As part of the CHAIN-REDS project, we have been working with the African Population and Health Research Centre in Nairobi to improve discoverability and usage of their data sets. In particular, we’ve used a CHAIN-REDS service to issue their data sets persistent identifiers, so that researchers using this data can cite it reliably.
A success story.
This is a short success story of working with a leading research institute in Kenya, the African Population and Health Research Centre. As with all stories, it has a couple of characters who play parts, a bit of tension to resolve, a climax and … a happy ending ! Of course, what you’ll read here is a highly simplified account (as with all good stories), and is mostly to draw a line in the process in order to show some progress to the reviewers of the CHAIN-REDS project.

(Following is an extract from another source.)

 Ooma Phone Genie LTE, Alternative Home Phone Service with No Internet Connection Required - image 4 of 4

We think this is a success story not only because of the fact that we finished what we set out to do, but because the slow cogs of intra-African collaboration did turn, and that cumbersome engine actually did some work. All of the actual results aside, consider how what is reported here may affect you, your work, and your collaboration.
What’s this all about ?
Good question; the answer depends on whether you want the short answer or the long answer.
Short Answer: It’s about being able to cite datasets in scholarly output, in a consistent, reliable, persistent way
Long Answer: It’s about data. Not even Big Data, just messy, important, relevant data.

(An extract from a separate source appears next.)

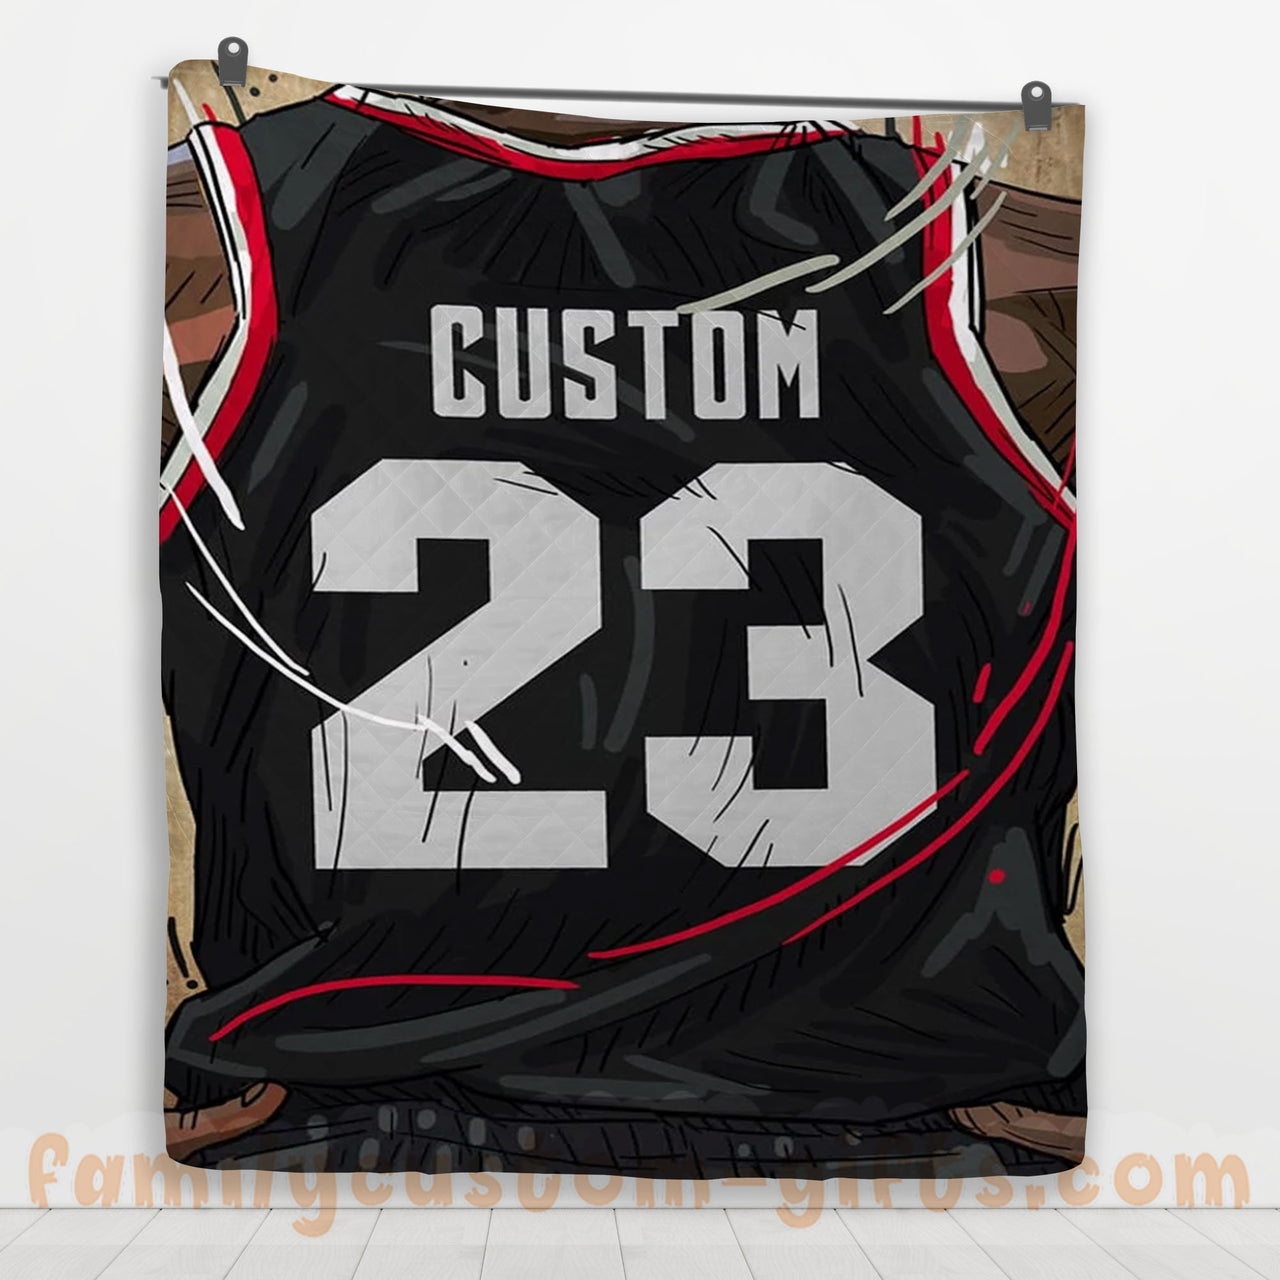 Custom Premium Quilt Blanket Portland Jersey Basketball Personalized Quilt Gifts for Her & Him

It’s not often the long answer is shorter than the short answer; the “data issue” is so complex that a lot of time could be spent going into all of the implications of the APHRC’s data, its openness, its availability, the reproducibility of the analysis thereof… If the average reader’s attention span is anything to go by, I’ve only got you for about 3 or 4 minutes, so let’s leave that for another day. What we will go into is one quite simple aspect:
Persistent Identifiers … or rather - “Who issues our Persistent Identifiers”
All the world’s a stage, and men and women merely players.
They make their entrances and their exits,
And one man in his time plays many pars.
- William Shakespeare, ‘As you like it’
It’s very hard to design such a collaboration, although for these successes, a certain environment is certainly necessary (one which favours and supports collaborations, even in the absence of obvious direct benefits). This work was undertaken by members of three institutes, but we have to thank the Carnegie Foundation for funding the workshop, organised by the University of Cape Town’s OpenUCT initiative. Thanks to this fortuitous meeting, we were put in touch with the APHRC in Nairobi. The matter of their data was on the agenda : how to make it available, how to ensure that the right people get credited, how to ensure that the investment made in collecting the data - including the ability to analyse it, remains exploitable by Africans themselves. I attended the meeting as a representative of CHAIN-REDS project, to propose the Africa-Arabia Regional Operations Centre as a focal point for collaboration for African researchers… and to have a peek around Nairobi to see what fun things were happening there.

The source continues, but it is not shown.